Dig Quotes - page 15
What has to die will die, and what has to remain will remain. Supposing you dig a well and the water dries up. Just because the well went dry, you cannot say that there is no water there. You cannot say that the spring is dead, for if you dig down one more foot, water will again spring up. If people will only dig a little deeper, they will find the water there. Of course, they can say, "There is no water in the well any more,” and go away. But those who have real thirst will dig a little deeper, and they will find water there. What is will always be. That which dies is dead and gone, but that which is will always be.
Bawa Muhaiyaddeen
The love of dirt is among the earliest of passions, as it is the latest. Mud-pies gratify one of our first and best instincts. So long as we are dirty, we are pure. Fondness for the ground comes back to a man after he has run the round of pleasure and business, eaten dirt, and sown wild oats, drifted about the world, and taken the wind of all its moods. The love of digging in the ground (or of looking on while he pays another to dig) is as sure to come back to him, as he is sure, at last, to go under the ground, and stay there.
Charles Dudley Warner
I think my own way. I don't think like you and my music isn't meant just for the patting of feet and going down backs. When and if I feel gay and carefree, I write or play that way. When I feel angry I write or play that way - or when I'm happy, or depressed, even.

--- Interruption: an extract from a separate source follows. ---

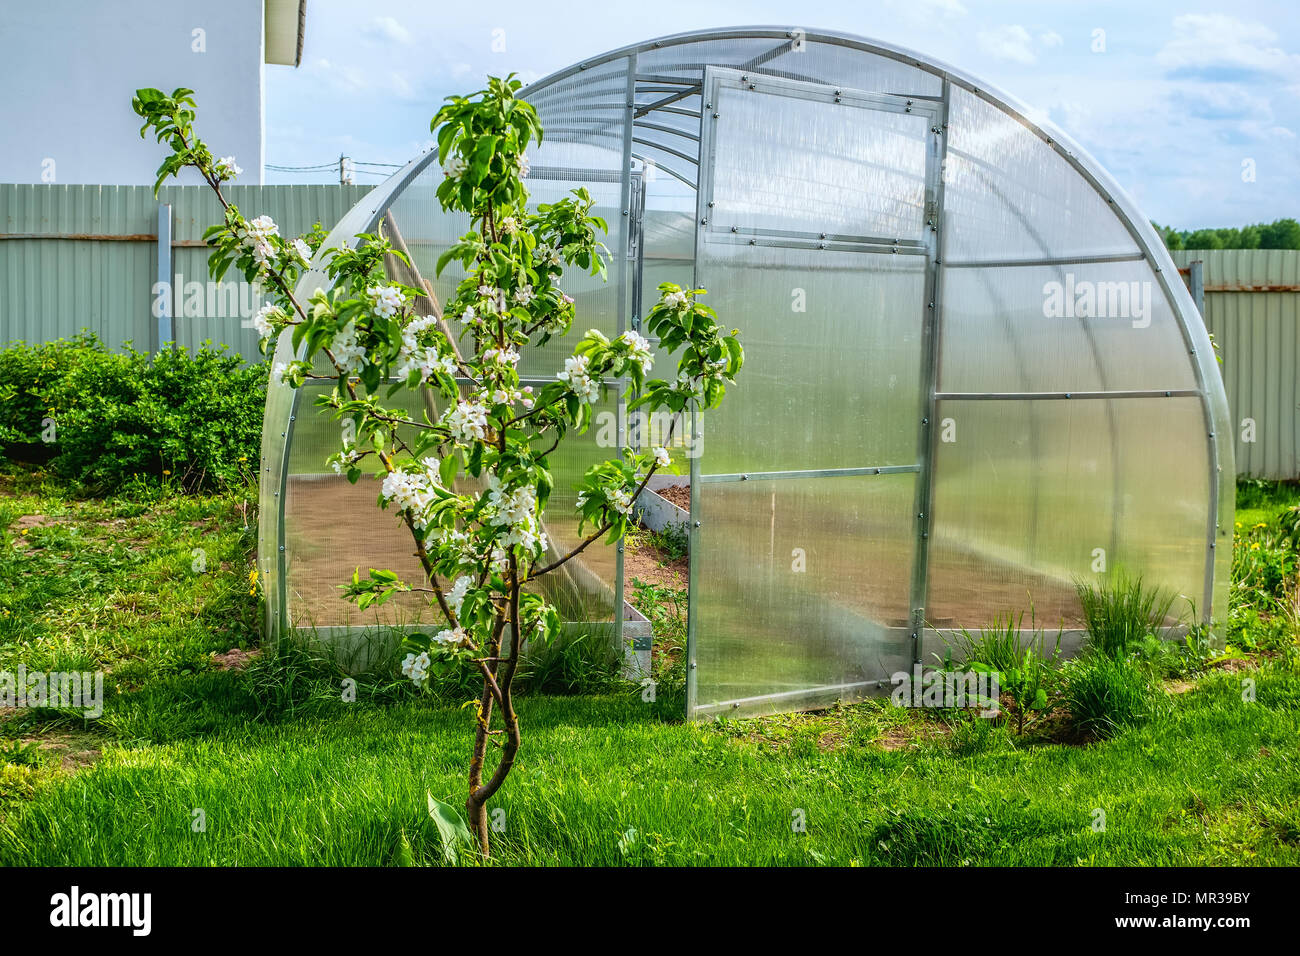 Greenhouse made of plastic for growing green vegetables. City garden Stock  Photo - Alamy

Just because I'm playing jazz I don't forget about me. I play or write me, the way I feel, through jazz, or whatever. Music is, or was, a language of the emotions. If someone has been escaping reality, I don't expect him to dig my music, and I would begin to worry about my writing if such a person began to really like it. My music is alive and it's about the living and the dead, about good and evil. It's angry, yet it's real because it knows it's angry.